• _WORKING DATA_
▬▬▬

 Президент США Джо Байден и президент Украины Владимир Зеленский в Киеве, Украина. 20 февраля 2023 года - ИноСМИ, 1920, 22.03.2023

▬▬▬

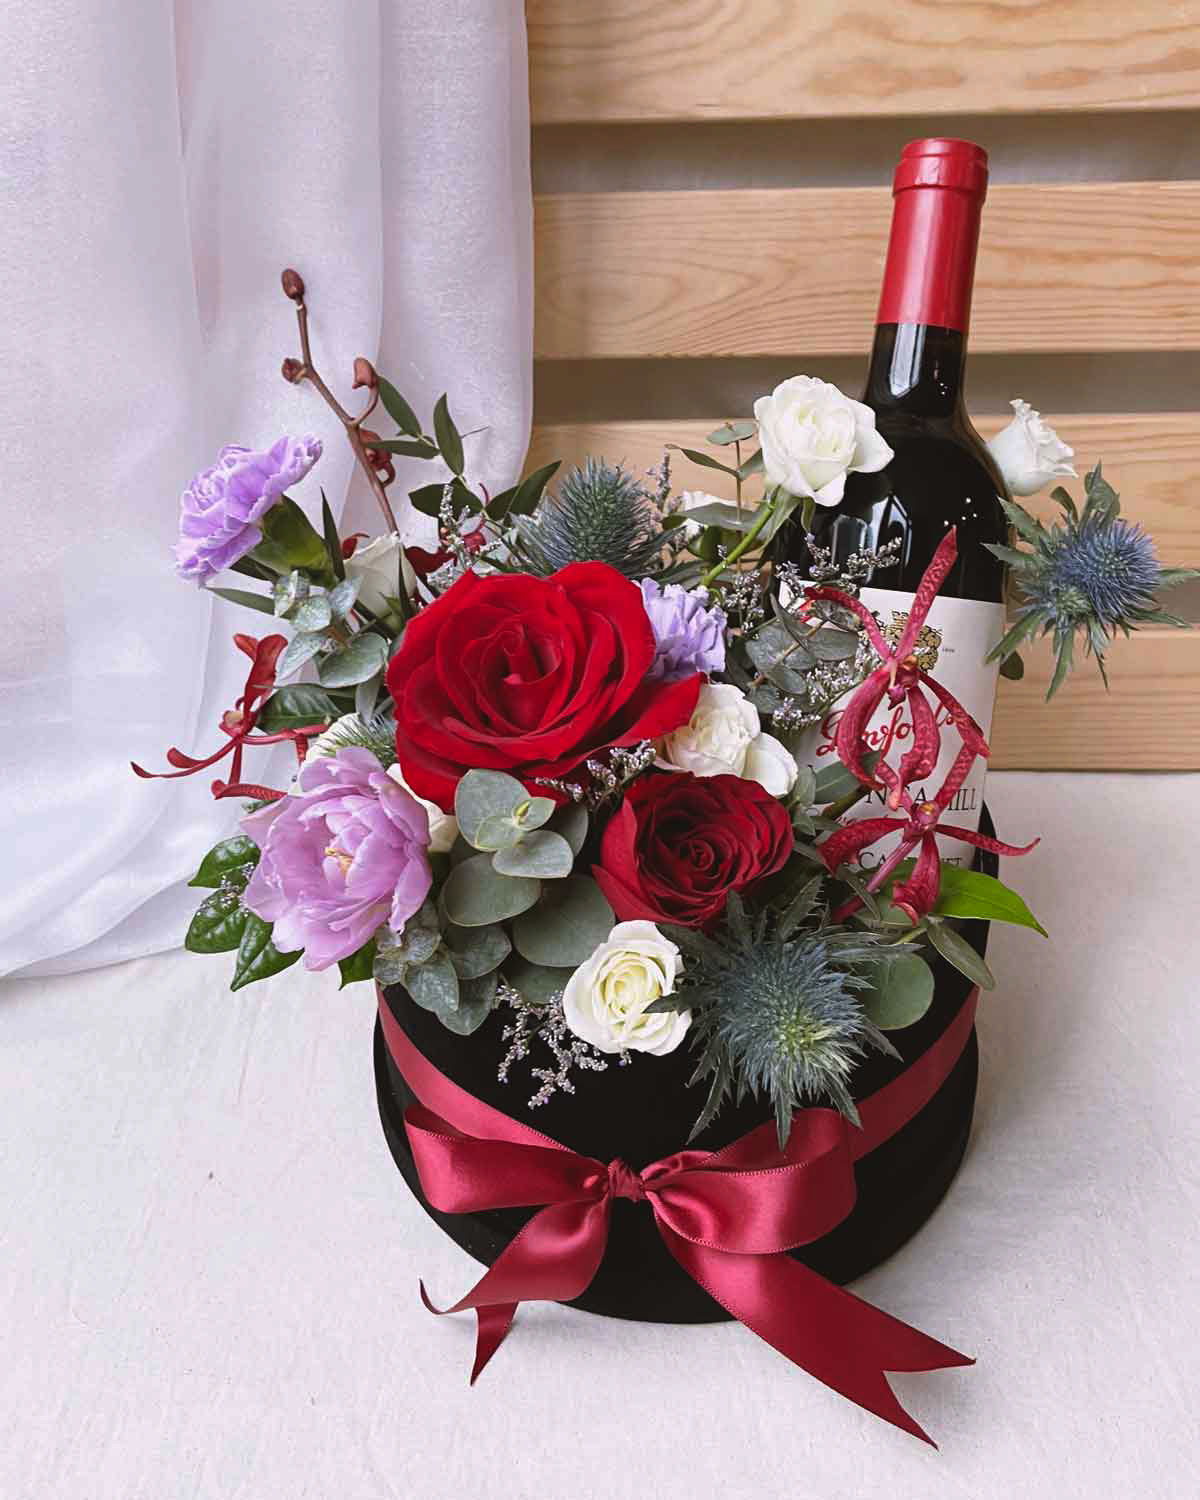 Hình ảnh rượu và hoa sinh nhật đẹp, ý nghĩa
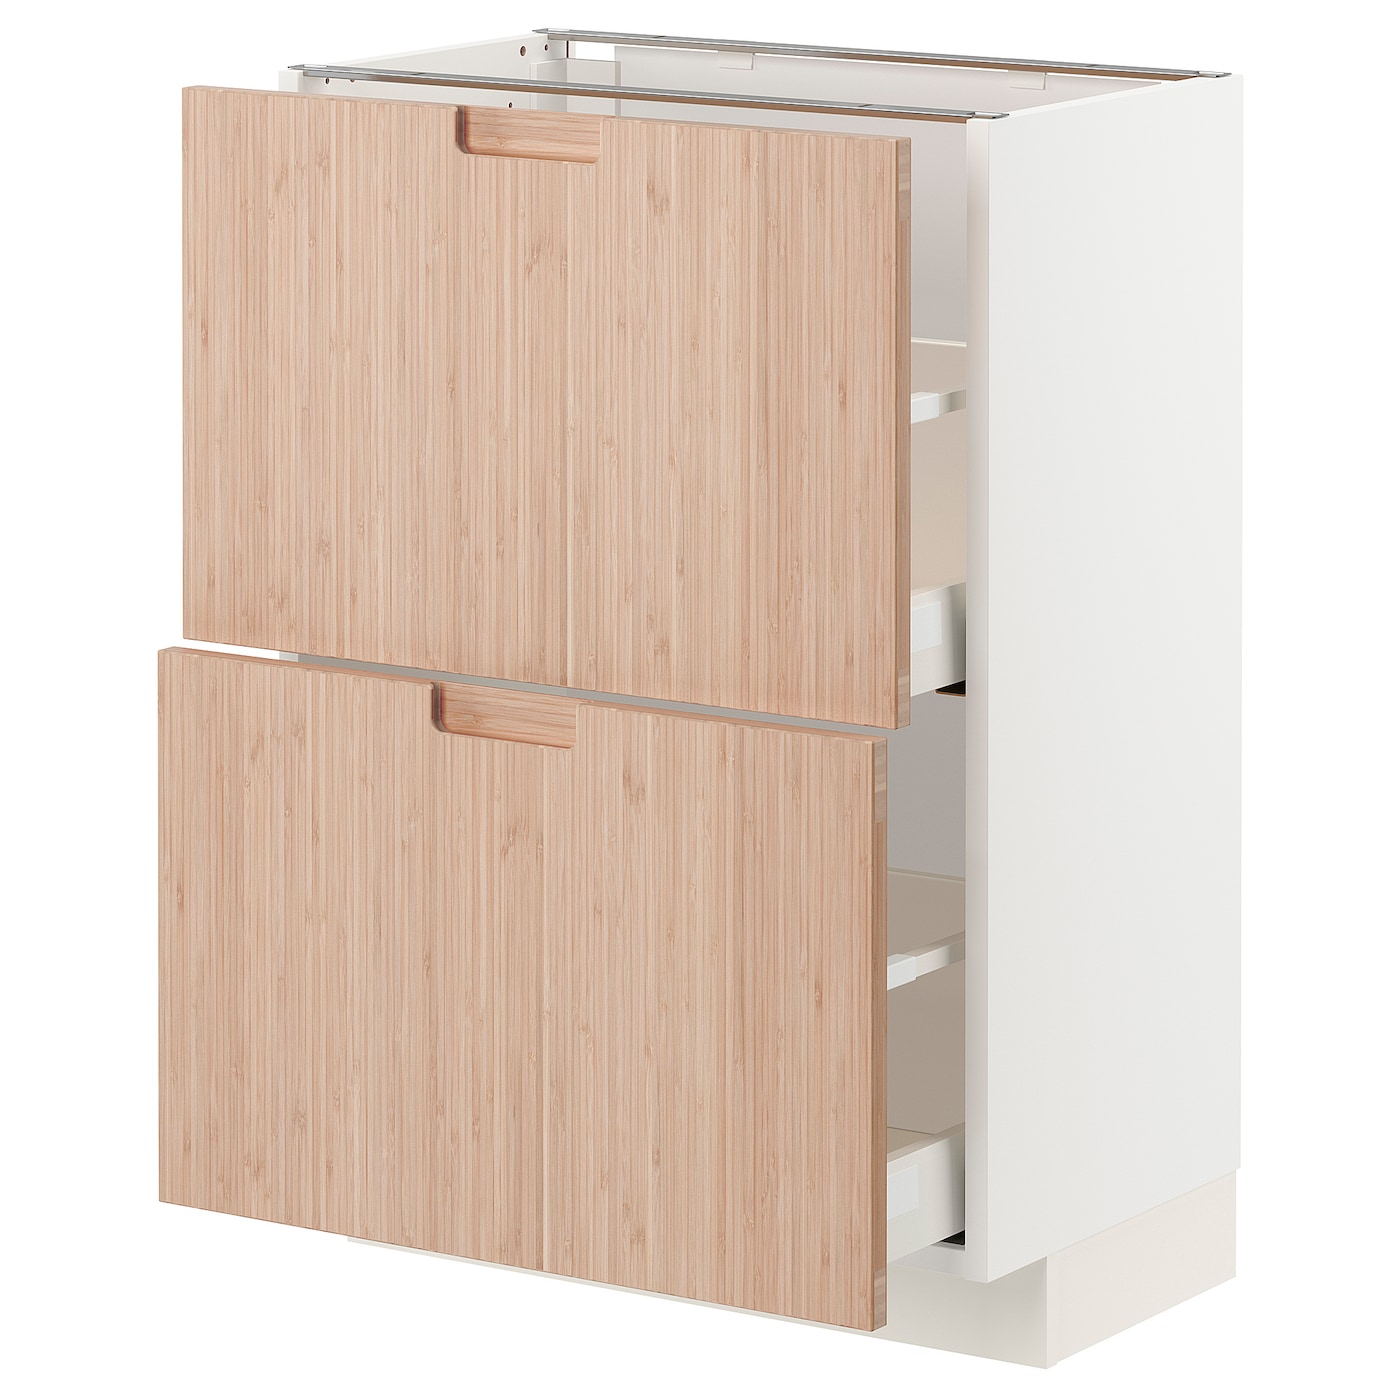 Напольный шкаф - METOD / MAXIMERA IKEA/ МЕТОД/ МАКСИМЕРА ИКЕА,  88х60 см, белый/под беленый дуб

▬▬▬

• _TO DO_
In the material above, one part opens with the line containing "Hình ảnh rượu và hoa sinh nhật đẹp, ý nghĩa" and closes with the line containing "Напольный шкаф - METOD". Write out that part exactly and skip its pictures.

• _TASK SOLUTION_
 Hình ảnh rượu và hoa sinh nhật đẹp, ý nghĩa
 Напольный шкаф - METOD / MAXIMERA IKEA/ МЕТОД/ МАКСИМЕРА ИКЕА,  88х60 см, белый/под беленый дуб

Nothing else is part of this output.